Amalgame est une plateforme web qui met de l’avant l’opinion des minorités ethniques du Québec. Les textes sur la plateforme sont écrits par des jeunes « intellos » de la génération Y et Z qui ont à cœur l’avancement et une meilleure reconnaissance de l’apport des minorités visibles dans la société québécoise. Le nom Amalgame fait référence à cette identité assez particulière des gens d’ici qui ont des parents issus de l’immigration. En effet, ceux-ci sont un amalgame entre l’héritage culturel québécois et celui de leur origine. Ni haïtien ni québécois, ni marocain-ni québécois, ni vietnamien-ni québécois.

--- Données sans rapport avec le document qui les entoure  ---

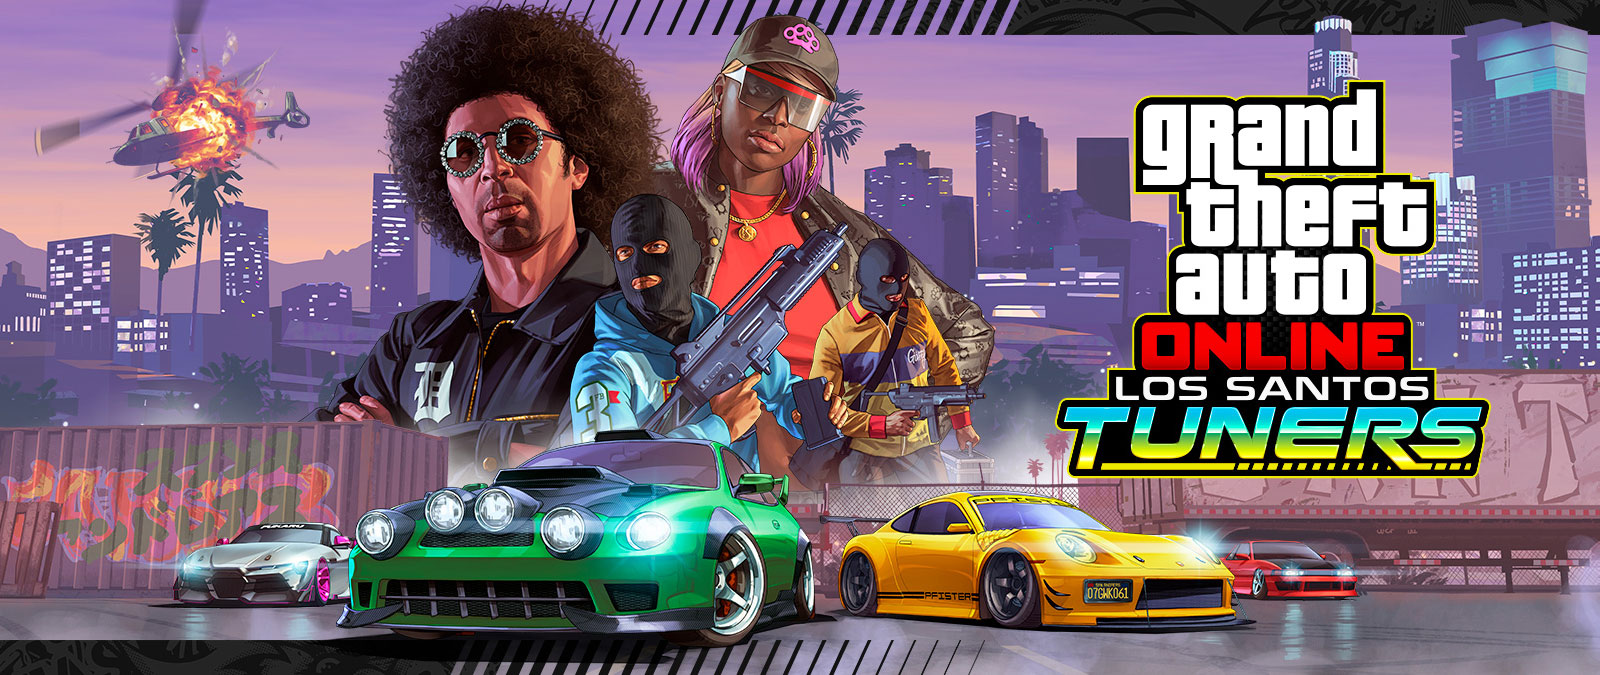 Grand Theft Auto Online, Los Santos Tuners. Τέσσερις χαρακτήρες που ποζάρουν, μπροστά στον ορίζοντα της πόλης και τέσσερα super car από κάτω τους

Qu’est-ce qu’ils sont ? C’est ce que nous essayerons de définir à travers des textes anecdotiques, des textes d’opinion sur l’actualité et des textes sur des enjeux sociaux et culturels. (Amalgame, 2017)

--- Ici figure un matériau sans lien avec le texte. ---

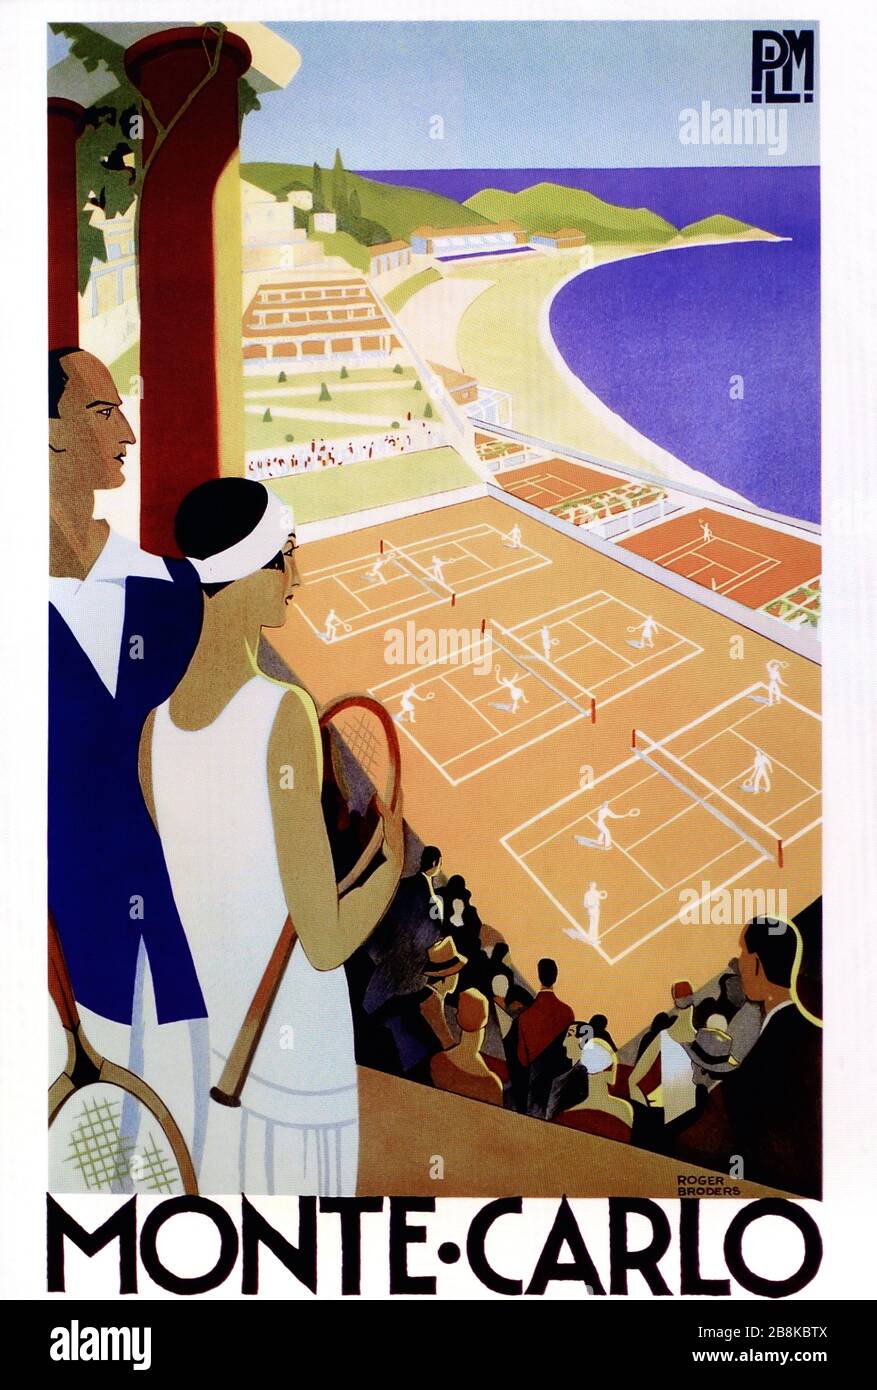 Tennis-Turnier von Monte Carlo, Monte Carlo Country Club (MCCC) und Tennisclub Monaco (1920er Jahre). Klassische PLM-Illustration, Poster oder Werbung von Roger Broders 1920er Jahren. Stockfoto

La volonté de reconquête discursive par cette jeunesse s’affiche donc comme mission principale du site. Puisqu’Amalgame se veut être une plateforme de mise en récit des perspectives de cette jeunesse dont l’appartenance à la société québécoise est admise, mais semblerait-il encore mal comprise. Cette mission est réitérée par l’énoncé des multiples appartenances ethniques des jeunes dont la plateforme souhaite se faire le miroir. Mais Amalgame ne se présente pas uniquement comme une plateforme par et pour les minorités du Québec ; c’est aussi et avant tout une plateforme à destination des jeunes de ces dites minorités. Ainsi, il apparait important, afin de bien saisir l’objet de la plateforme, de souligner sa dimension générationnelle, puisque les éditrices et éditeurs sont présentés comme des « jeunes de la génération Y et Z » et des « intellos » de cette génération. Une jeunesse donc, dont la pertinence de la parole et des perspectives sont doublement justifiées à la fois par leur savoir expérientiel, du fait de leur statut de québécois. e. s descendant. e. s d’immigrant. e. s, mais aussi par leurs capacités à produire

une information de qualité puisque « intellos » et donc disposant d’un savoir « éducationnel ». Amalgame se présente donc comme une plateforme produite par une jeunesse cultivée et porteuse d’un savoir sur elle-même et sur sa société. L’usage de ces attributs générationnels, sociaux (intello) et ethniques permet enfin une reprise du discours concernant ces populations, soient les jeunes et les minorités. Et permet de ce fait un renversement des pouvoirs discursifs sur cette jeunesse. Puisque, ici ce sont ces jeunes qui disent et qui racontent leurs réalités, décident des sujets à discuter et émettent un regard sur les valeurs désirées au sein de leur société.

On remarque cependant que dans ces premières lignes aucune référence directe n’est faite aux problématiques exclusivement féminines bien que la forte majorité des chroniqueuses soient des femmes — 21 femmes sur 22 collaborateurs —. Car la plateforme se veut résolument mixte et lorsqu’on interroge un membre de ce collectif sur la composition féminine de la plateforme, celle- ci indique que ce sont des candidatures volontaires qui expliquent cela et non un critère émis par la fondatrice. La jeune femme explique ensuite que de nombreuses chroniqueuses consommaient du contenu sur la plateforme antérieure « Pure Balance », une plateforme féminine, ce qui expliquerait selon elle cette prépondérance féminine (Kétura, Amalgame, 2017). Notons enfin que si la plateforme n’a pas choisi sa composition exclusivement féminine, elle s’affirme résolument comme féministe ; perspective qui est réitérée à de nombreuses reprises dans les publications, mais également dans le cadre des évènements et des thématiques soutenues par la plateforme.